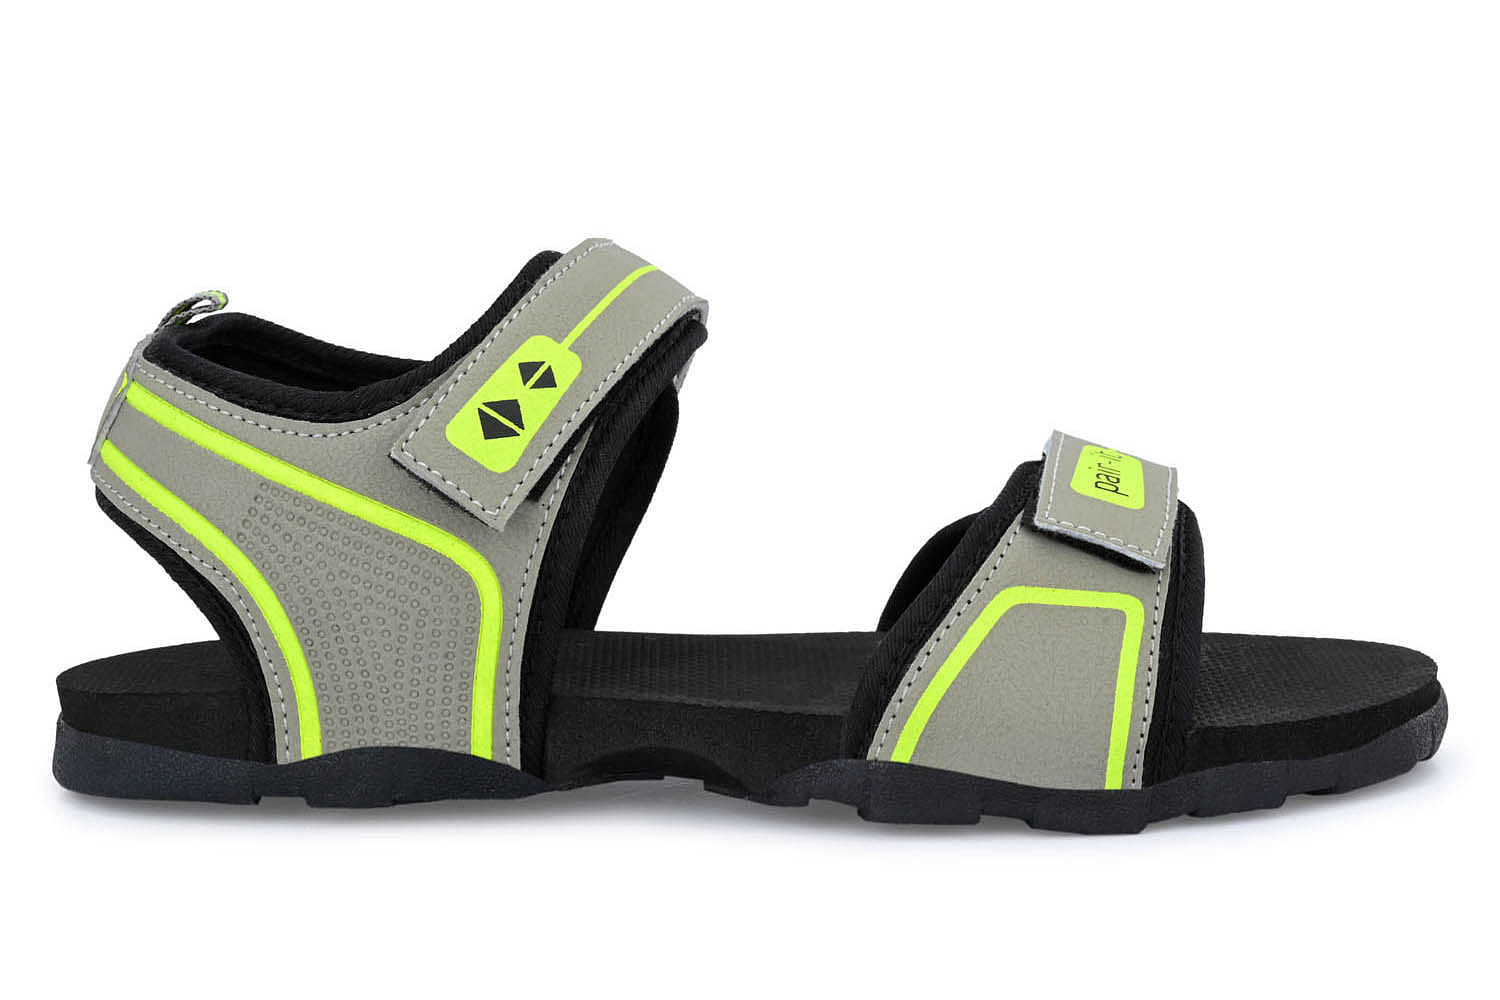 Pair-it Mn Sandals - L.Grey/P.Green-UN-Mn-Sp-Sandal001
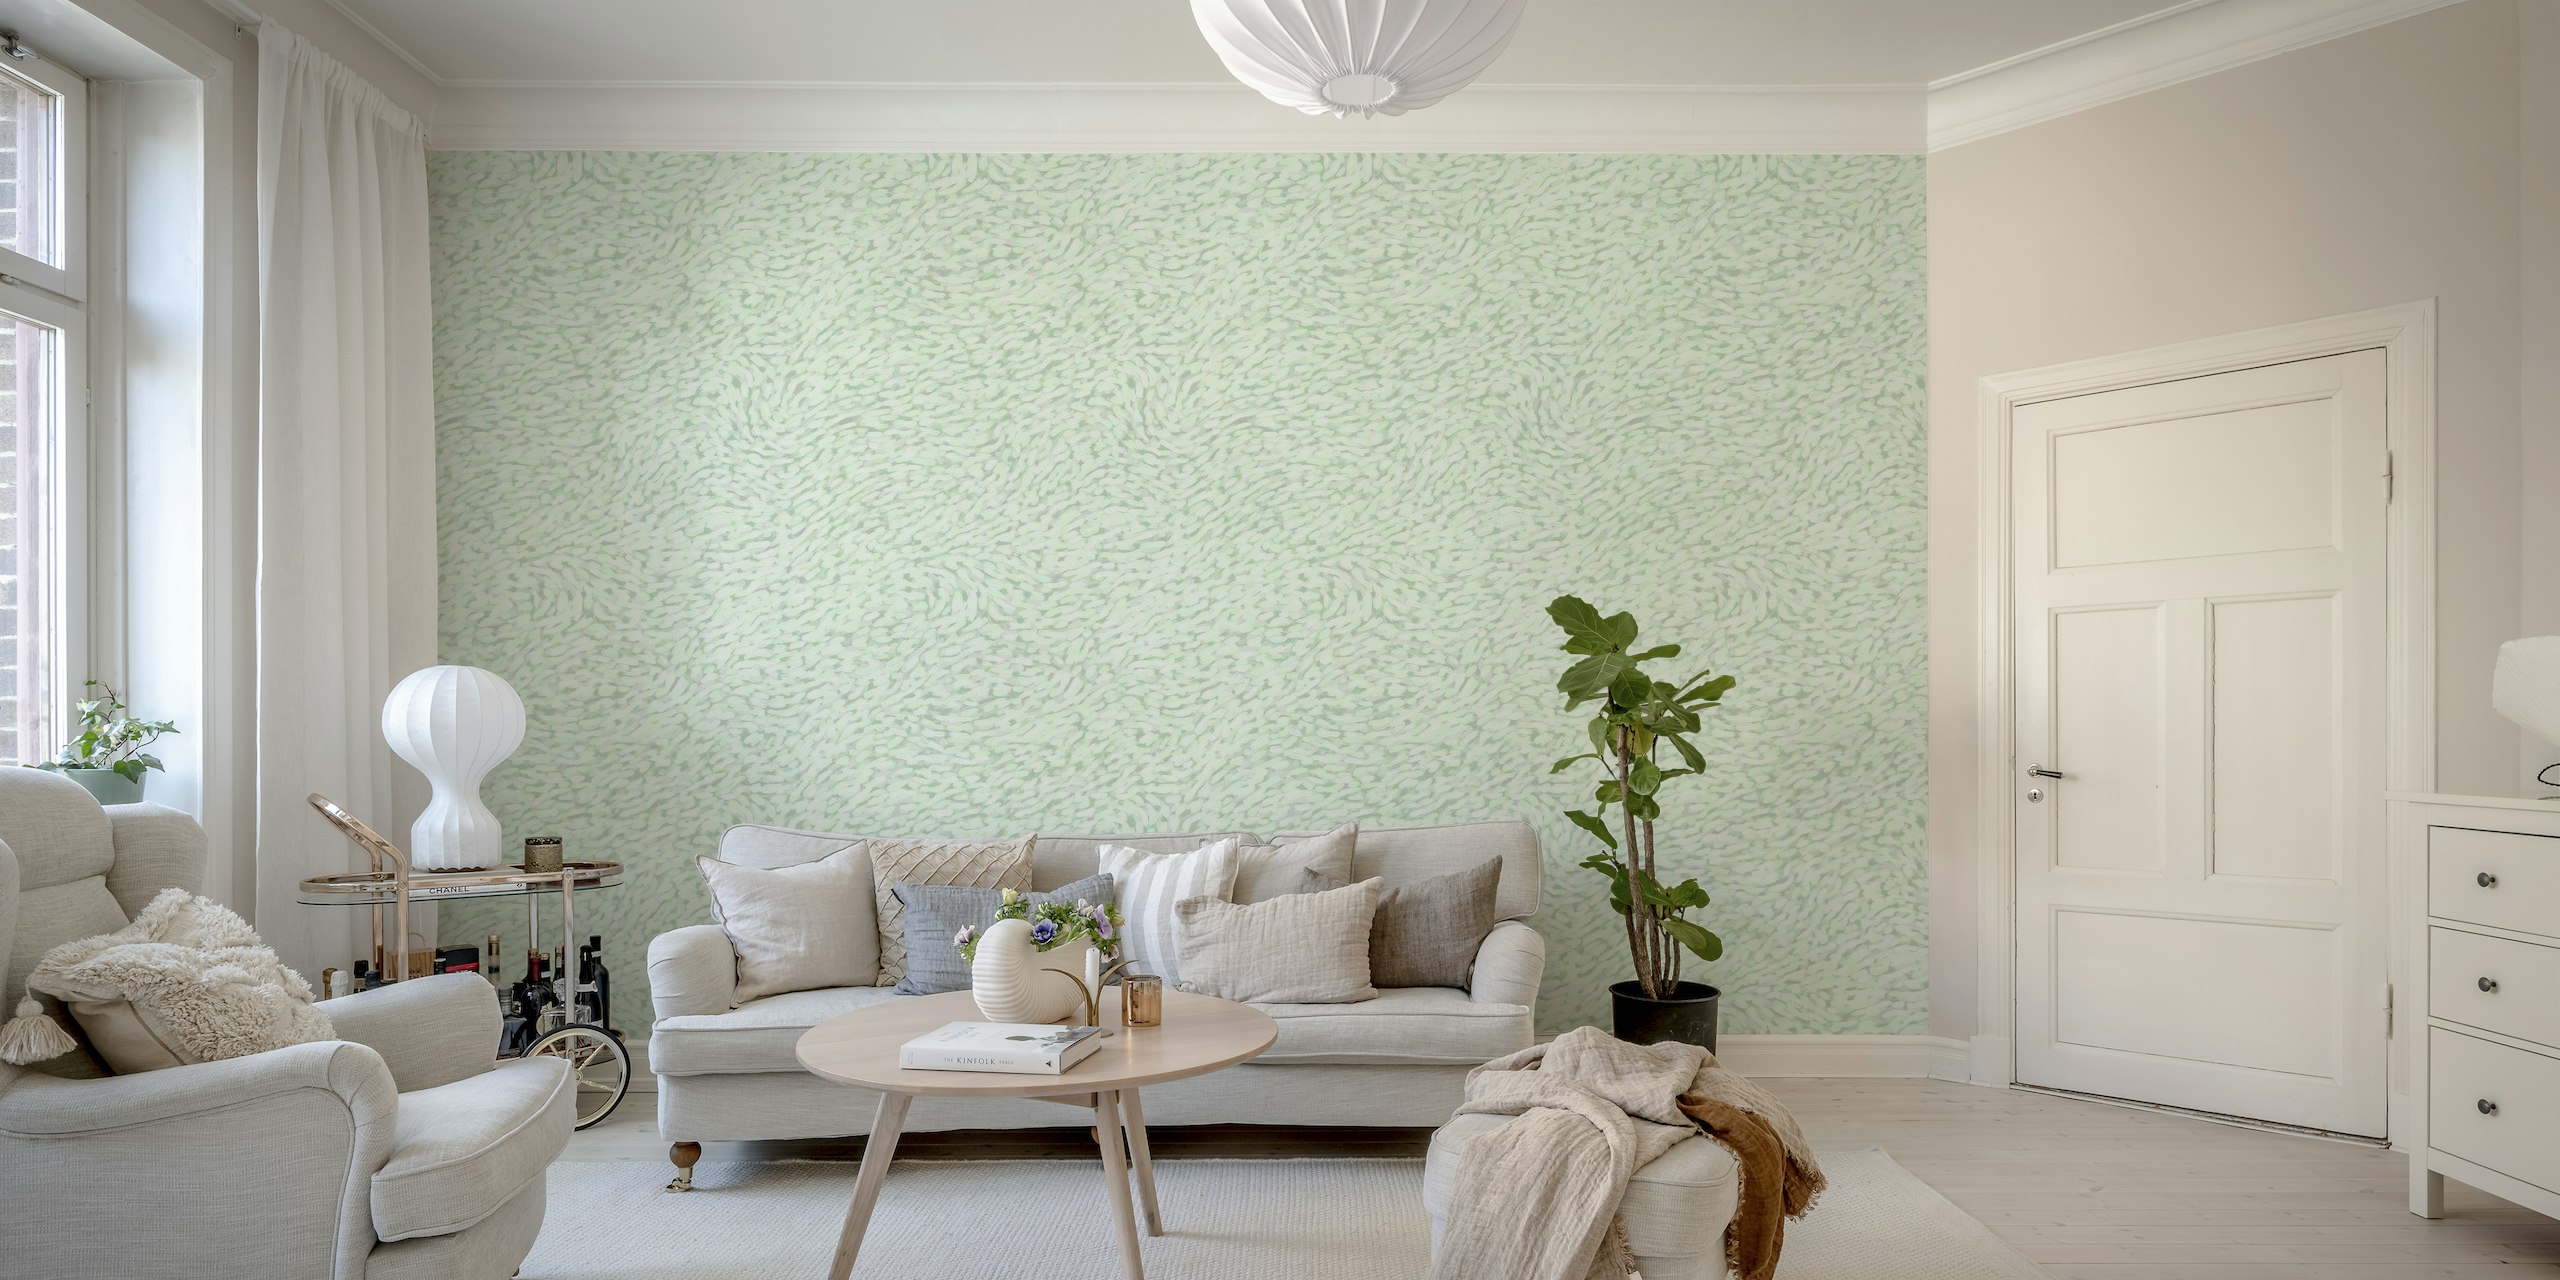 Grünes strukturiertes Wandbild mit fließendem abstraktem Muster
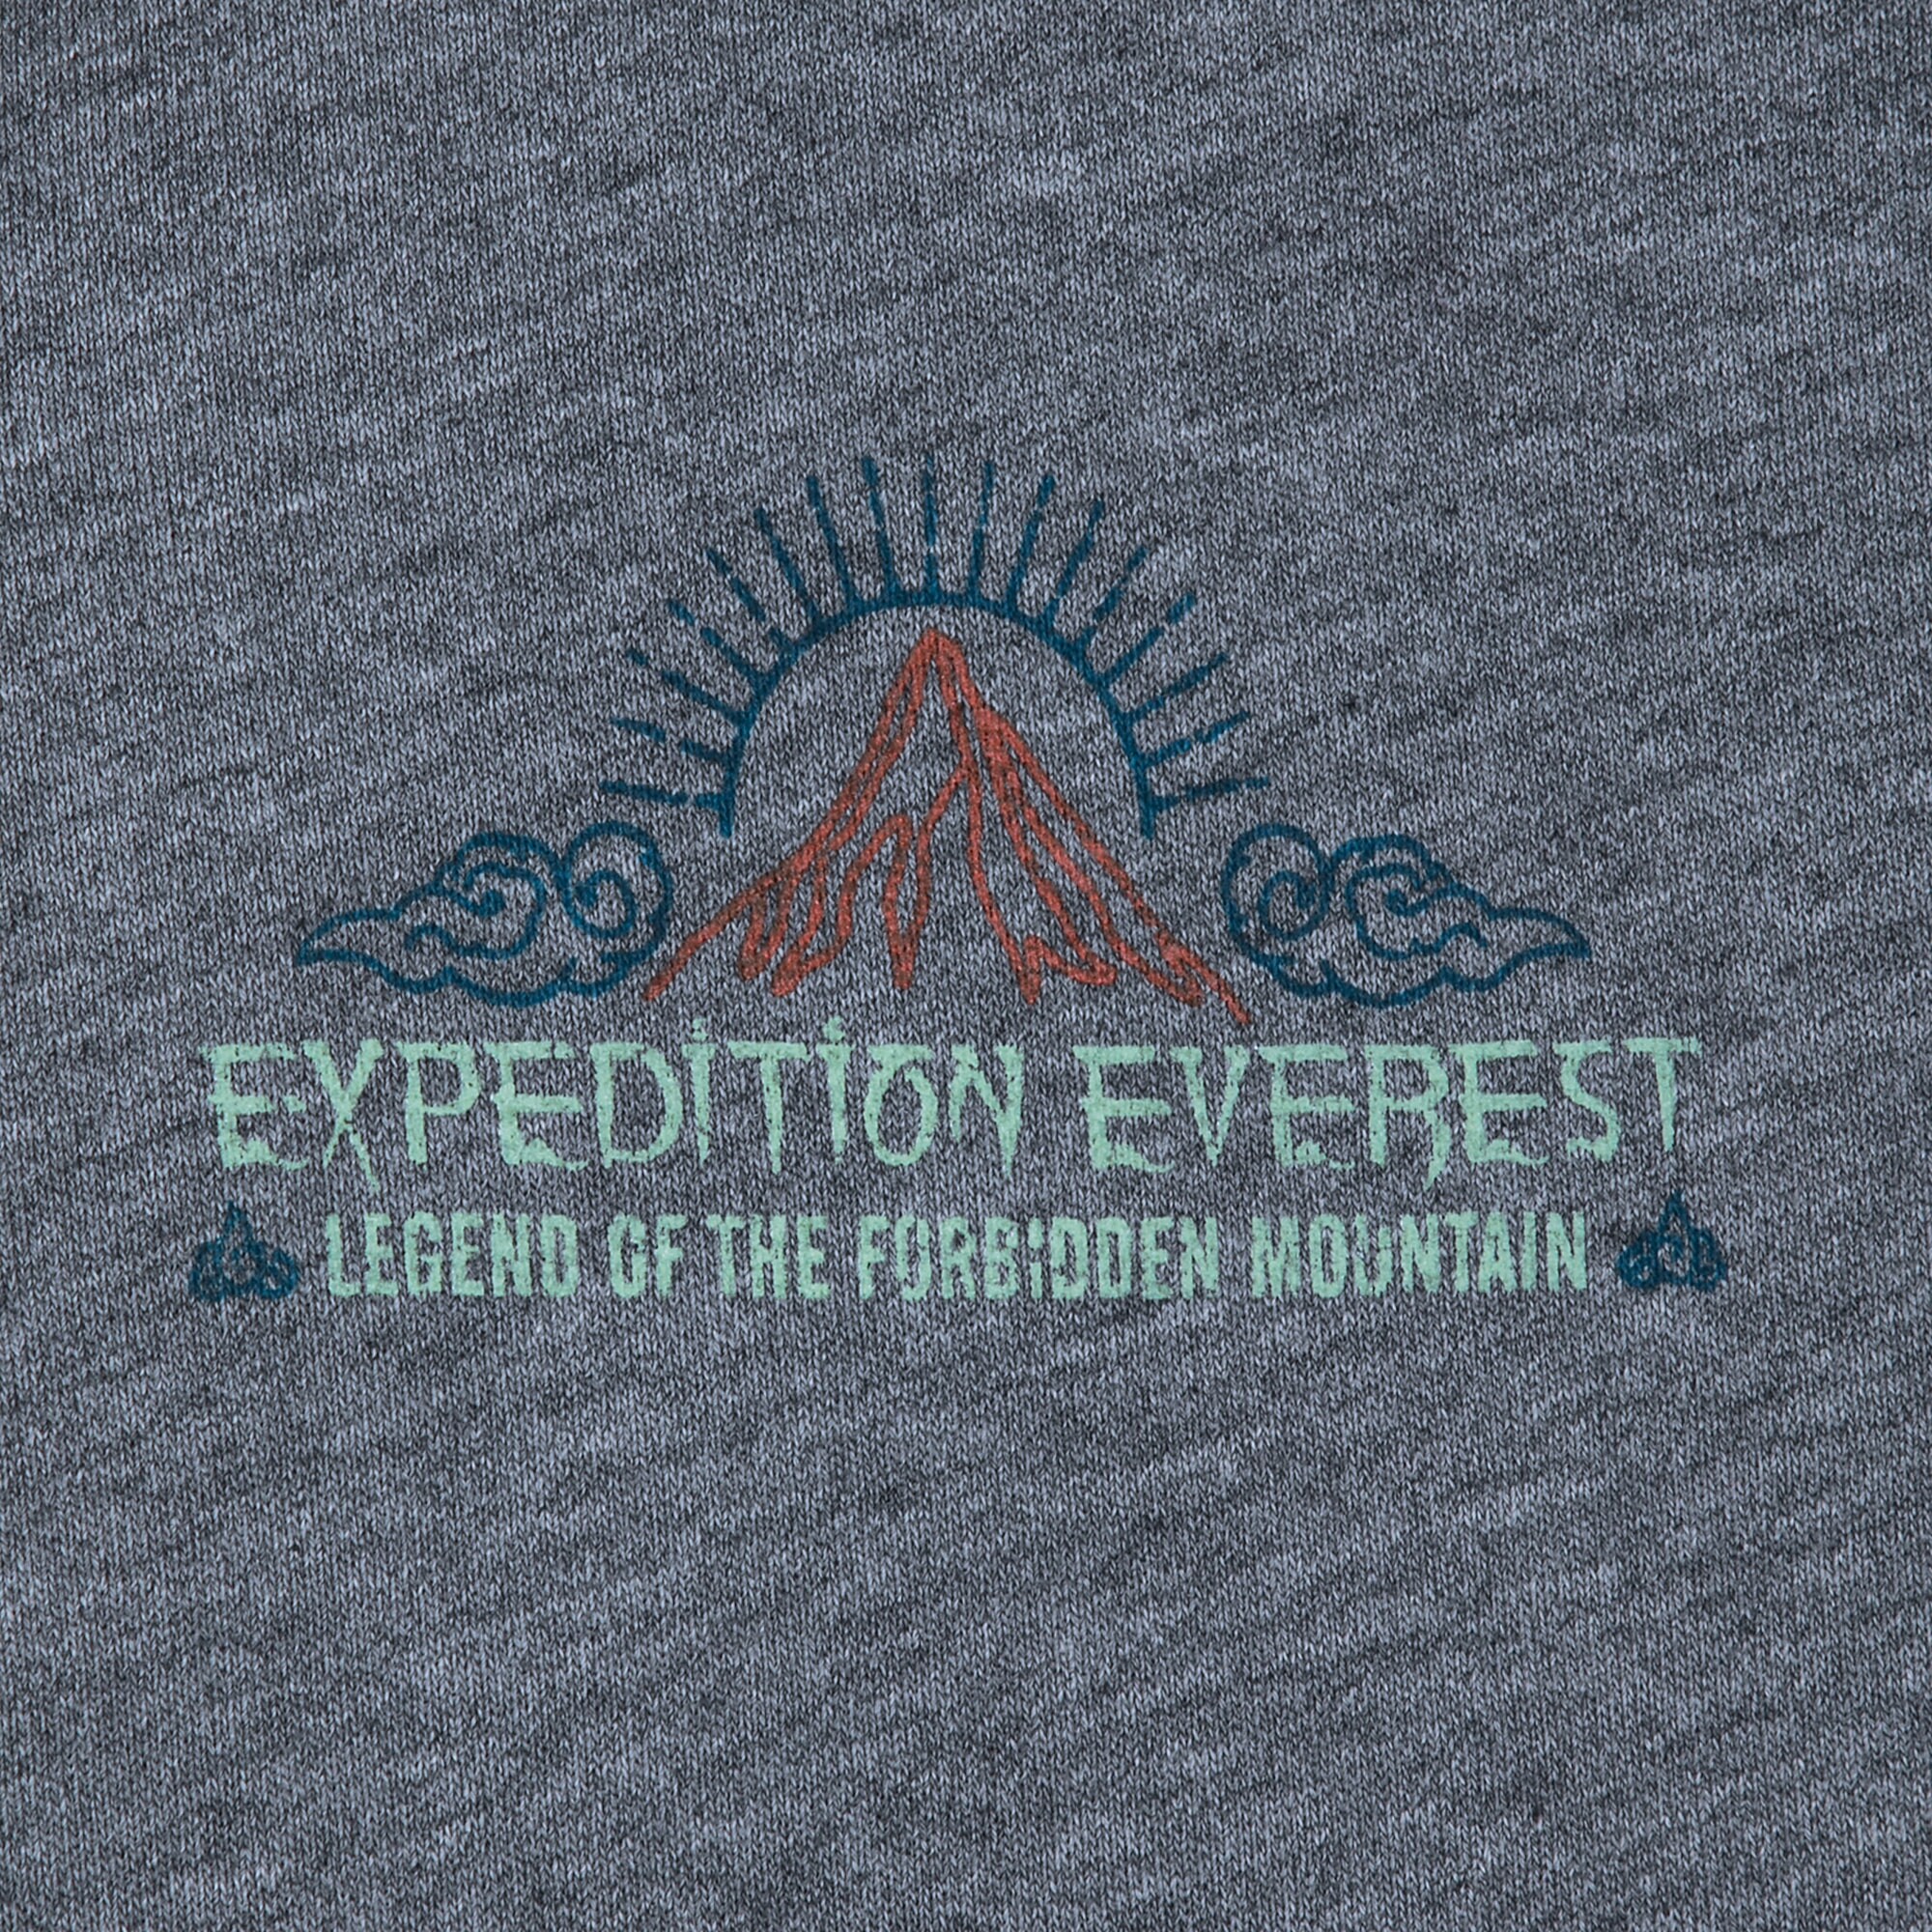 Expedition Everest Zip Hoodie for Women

— TASK STATEMENT —
If pictures appear in the data, omit them and copy all other parts exactly.

— RESPONSE —
 Pair-it Mn Sandals - L.Grey/P.Green-UN-Mn-Sp-Sandal001
 Grünes strukturiertes Wandbild mit fließendem abstraktem Muster
 Expedition Everest Zip Hoodie for Women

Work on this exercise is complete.